In terms of global fund flows, TerraPay’s single connection ties more than 3.7 billion mobile wallets together across 200 sending and 144 receiving countries, touching 7.5 billion bank accounts. As one might imagine, coordinating and enabling the transactions is complex.

“Obviously, in the best-case scenario, everything goes smoothly, but when things are not going smoothly, that’s when the customer queries come in,” Sundaram said.

It’s no easy task to find out straight away where a transaction is, as analysts and representatives at the company have to look at logs and query partner systems.

“A lot of that work is done manually,” said Sundaram, who added that the agents “know the corridors and the markets that they are working in, but it still takes some time.”

Using AI Models

TerraPay is using AI models with machine learning to bolster customer support and automate tasks as financial institutions (TerraPay’s client base) send payments in real time, and those payments are processed into local markets’ beneficiary banks.

“We still don’t trust [AI models] to let them respond to the customer straight away, but we can do the analysis, and then that gets reviewed by an agent who decides if [information] is accurate or not and then sends it off,” Sundaram said.

The same principles are guiding AI models and company practices to improve technical and security operations, analyzing and categorizing anomalous transactions and automating integrations with partner firms.

“Compliance is an issue where there is a lot of review needed of the alerts, and we are using [AI models] to speed up those processes,” Sundaram said.

Asked by PYMNTS about how agentic AI can be harnessed, he said: “In financial services, you can’t take chances on technology like this, which has the freedom to go wrong.

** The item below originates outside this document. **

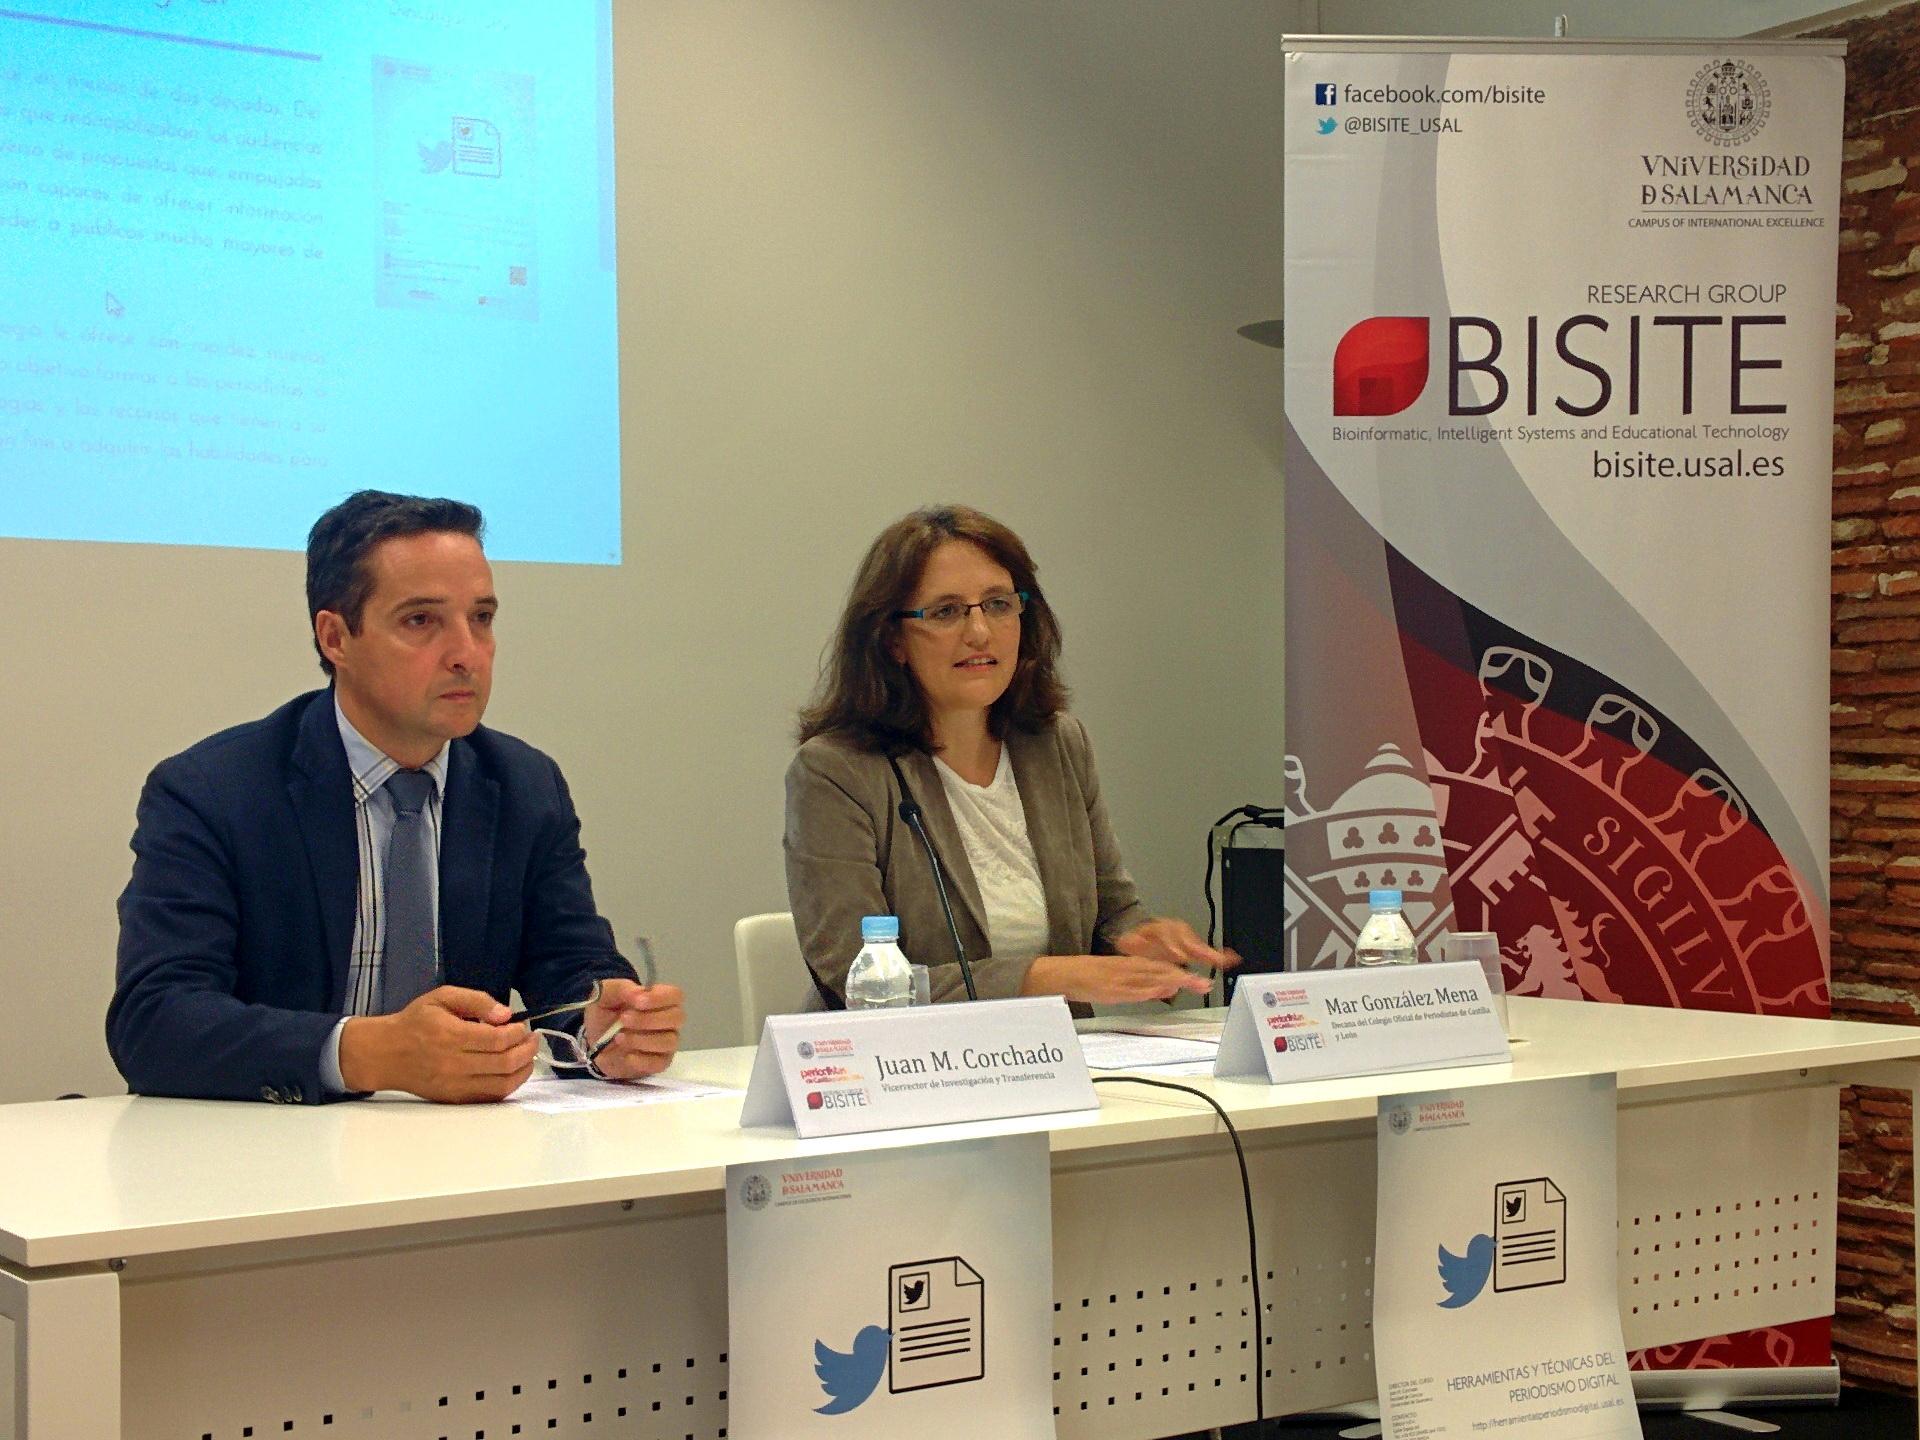 La Universidad de Salamanca y el Colegio de Periodistas de Castilla y León lanzan un curso online sobre periodismo digital
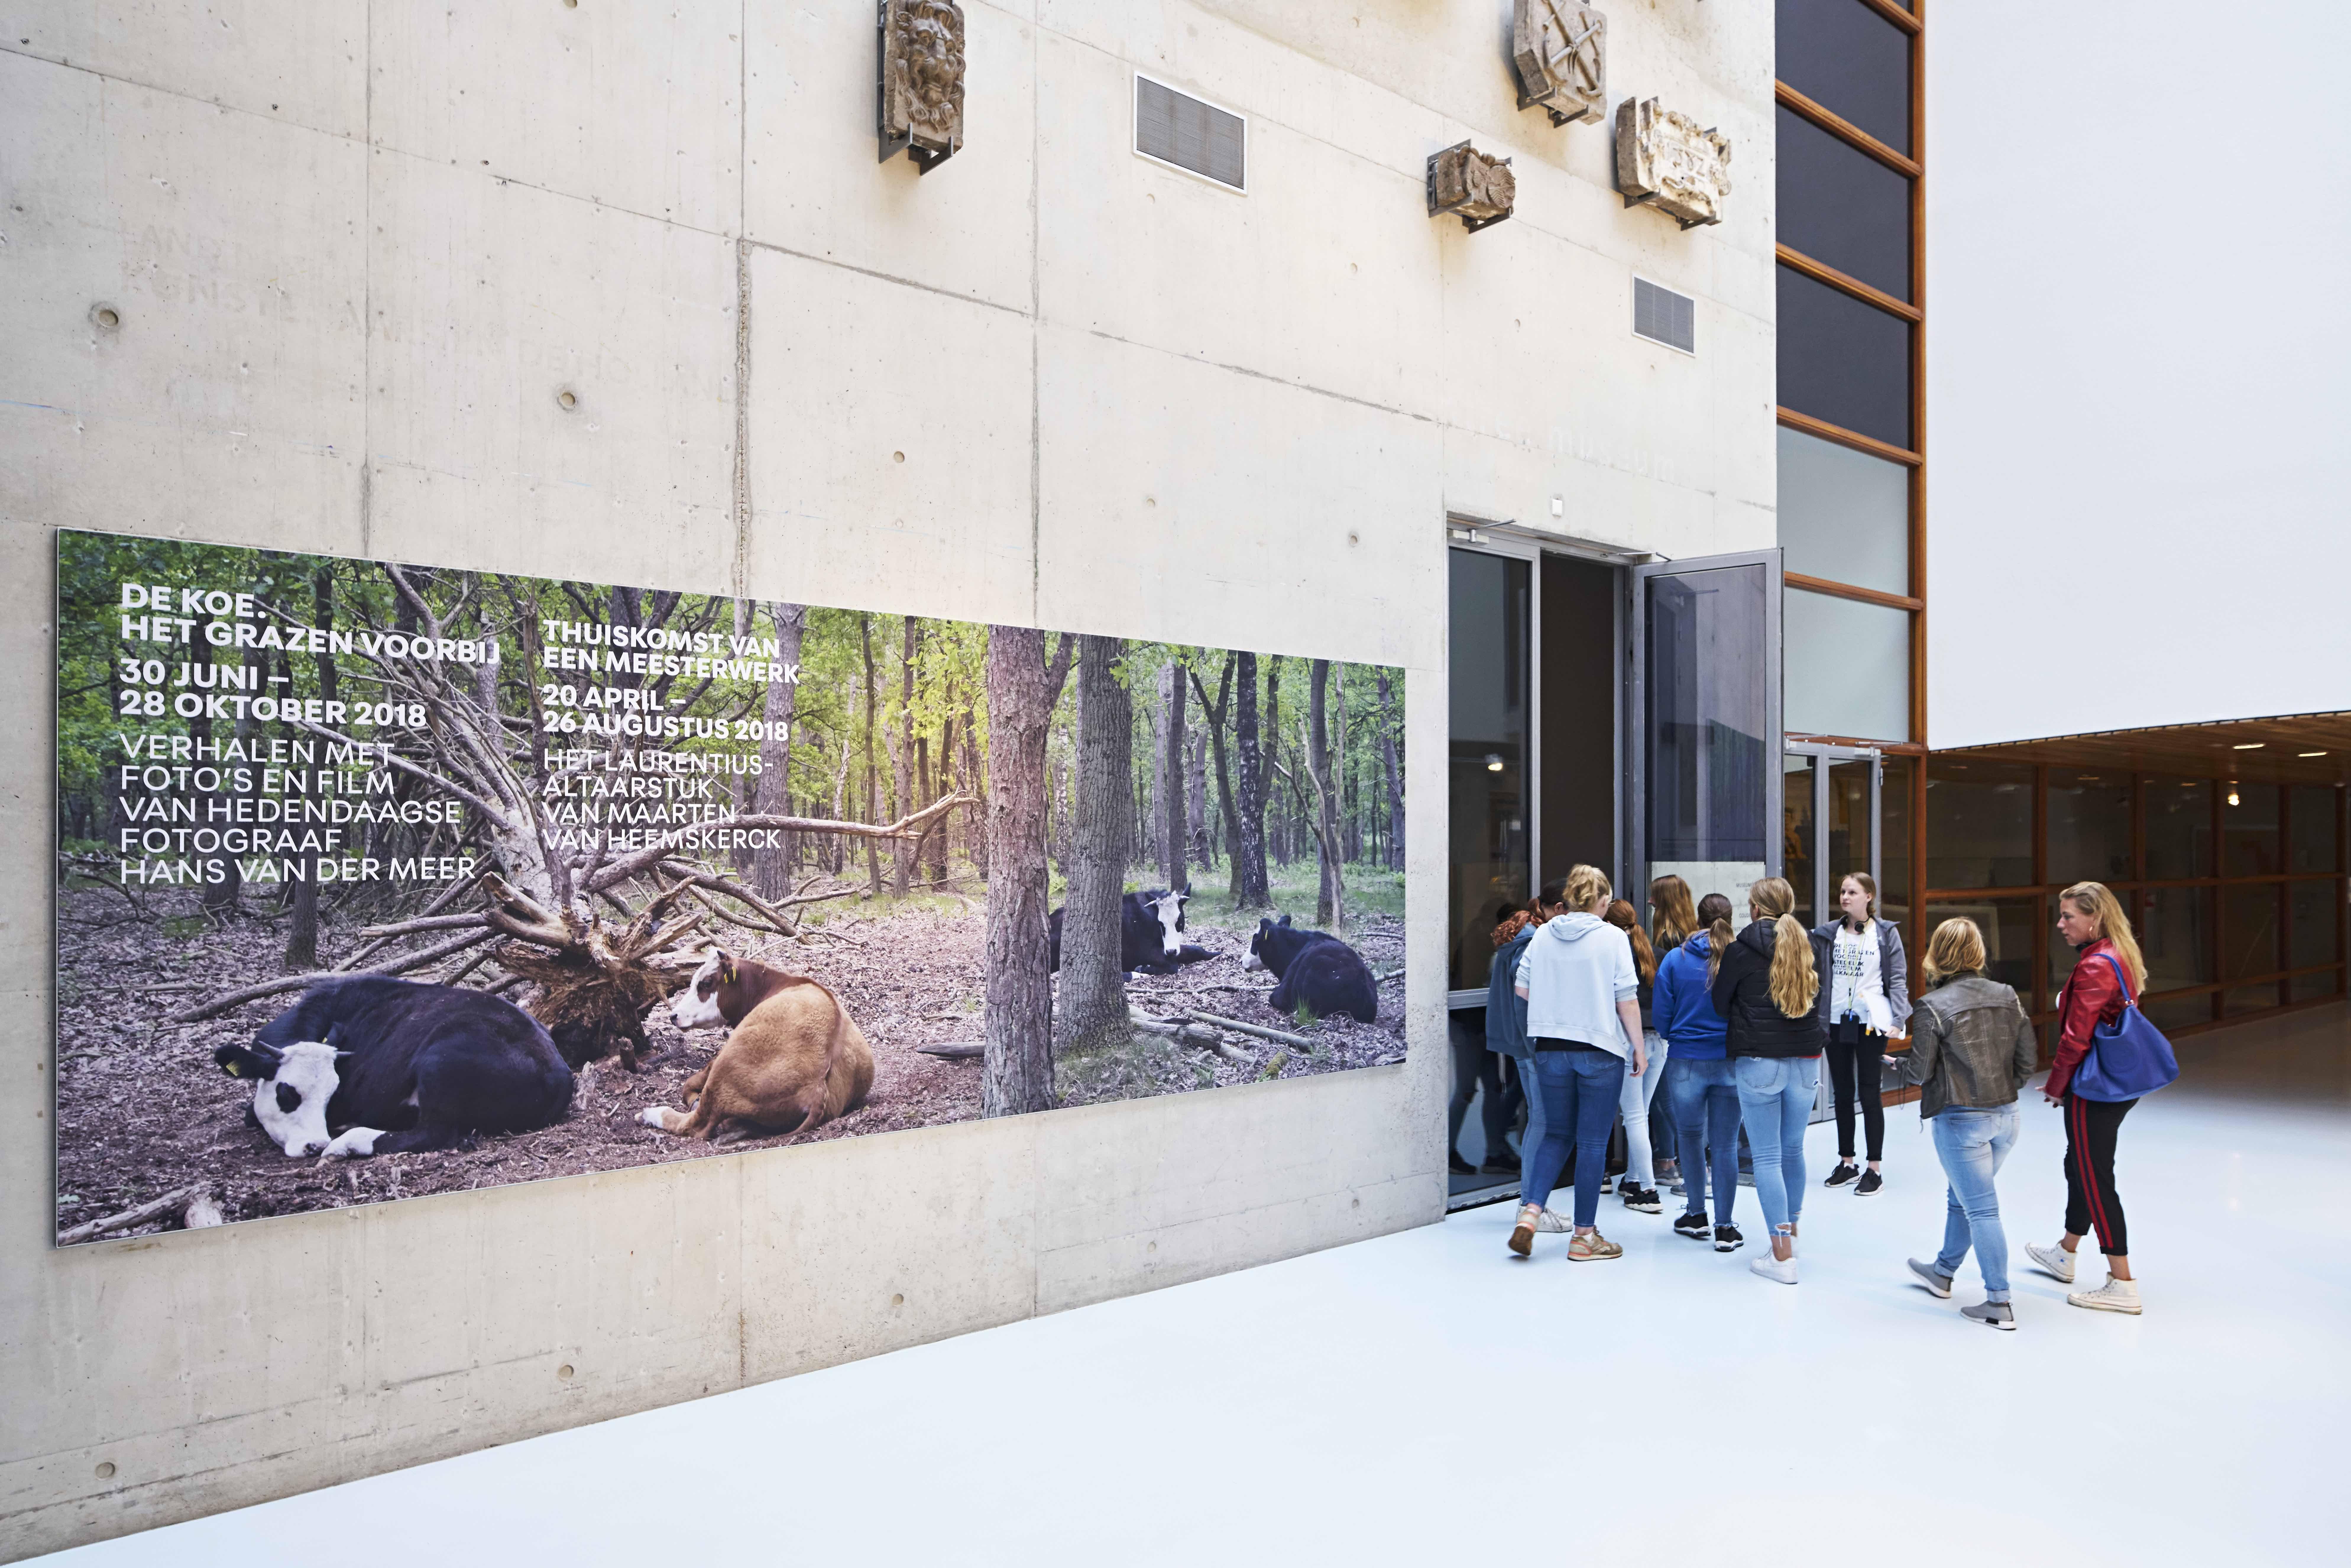 Entering the exhibition space at Stedelijk Museum Alkmaar.

You have to be careful about making sure that it’s 100% reliable before we can let things run entirely by automation.”

Agentic AI also remains pricey. For example, OpenAI is charging $20,000 a month for its specialized agents. However, Sundaram said the industry will become commoditized quickly, which will lower prices, and some open-source offerings are capable.

“There’s a fire hose of news about breakthroughs and new ideas and new ways of doing things that are coming out on a daily basis,” he said.

Data underpins it all, and Sundaram told PYMNTS that no matter what the application, the information fed into the models must be clean. Most organizations have a range of data sitting in different intra-company silos, and those silos need to come down.

In addition, the data must be structured so that it is accessible and can be synthesized by the models. Many firms may have more than 1,000 software-as-a-service (SaaS) resources to which they are subscribed but are not accurately tracked or monitored.

“Every database is separated, each one sitting somewhere else,” he said.

The days of stitching together those separate SaaS offerings to run an enterprise are ending, he said, and we’re headed to a future when data is collected in one place.

AI models and agentic AI “are extensions of what we’ve always valued at TerraPay, which means building the most efficient infrastructure possible in order to make sure that transactions are processed safely, quickly and affordably,” Sundaram told PYMNTS. “We see AI and [AI models] as powerful tools that help us scale all this very quickly while making sure we build more and more efficiency into the system.”